Natanox

Natanox@discuss.tchncs.de · 9 hours ago

Depends on which GPU you compare it with, what model you use, what kind of RAM it has to work with, ecetera. NPU’s are purpose-built chips after all. Unfortunately the whole tech is still very young, so we’ll have to wait for stuff like ollama to introduce native support for an apples-to-apples comparison. The raw numbers to however do look promising.

Natanox@discuss.tchncs.de · edit-2 13 hours ago

May take a look at systems with the newer AMD SoC’s first. They utilize the systems’ RAM and come with a proper NPU, once ollama or mistral.rs are supporting those they might give you sufficient performance for your needs for way lower costs (incl. power consumption).
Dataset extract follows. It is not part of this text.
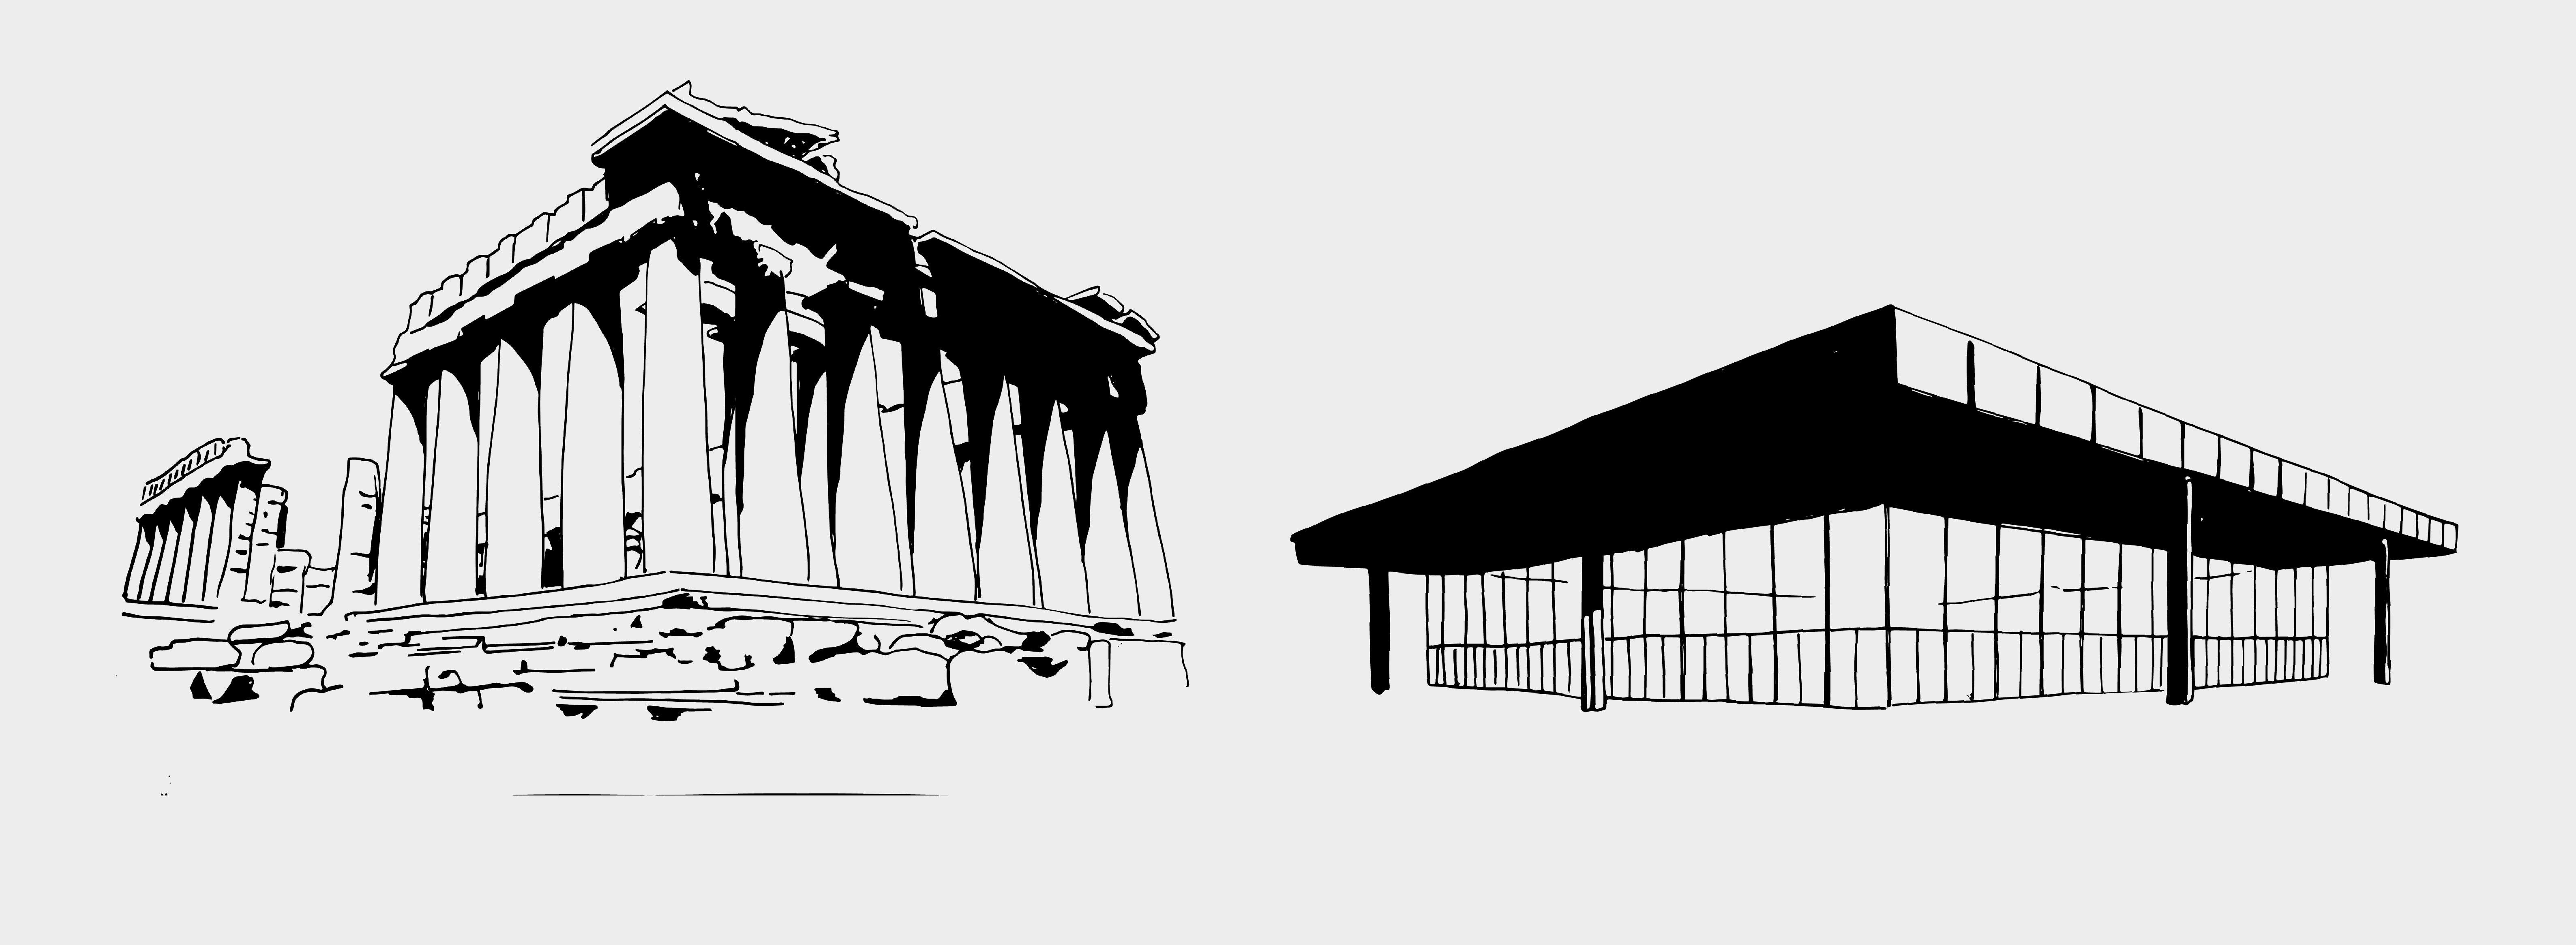 Parthenon Athen, 447 v. Chr. – Ludwig Mies van der Rohe, Neue Nationalgalerie, Berlin, 1968

Depending on how NPU support gets implemented it might even become possible to use NPU and GPU in tandem, that would probably enable pretty powerful models to be run on consumer-grade hardware at reasonable speed.

Natanox@discuss.tchncs.de · 7 days ago

They would run with 8x speed each. Should not be too much of a bottleneck though, I don’t expect the performance to suffer noticeably more than 5% from this. Annoying, but getting a CPU+Board with 32 lanes or more would throw off the price/performance ratio.

Natanox@discuss.tchncs.de · 8 days ago

I’m currently looking for this as well. As far as my investigation went right now I’ll probably go for 2x AMD Instinct MI50. Each of them has equivalent to slightly higher performance than a P40, however usually only 16gb VRAM (If you’re super lucky you might get one with 32gb, those are usually not labeled as such though; probably binned MI60). With two of them you got 32gb VRAM and quite the performance for, right now, 200€ / card. Alternatively you should be able to run quantized models on a single card as well.

If you don’t mind running ROCm instead of CUDA this seems like a good bang for the buck. Alternatively you might look into AMDs new line of “AI” SoCs (for example Frameworks Desktop computer). They seem to be really good as well, and depending on your usecase might be more useful than an equally priced 4090.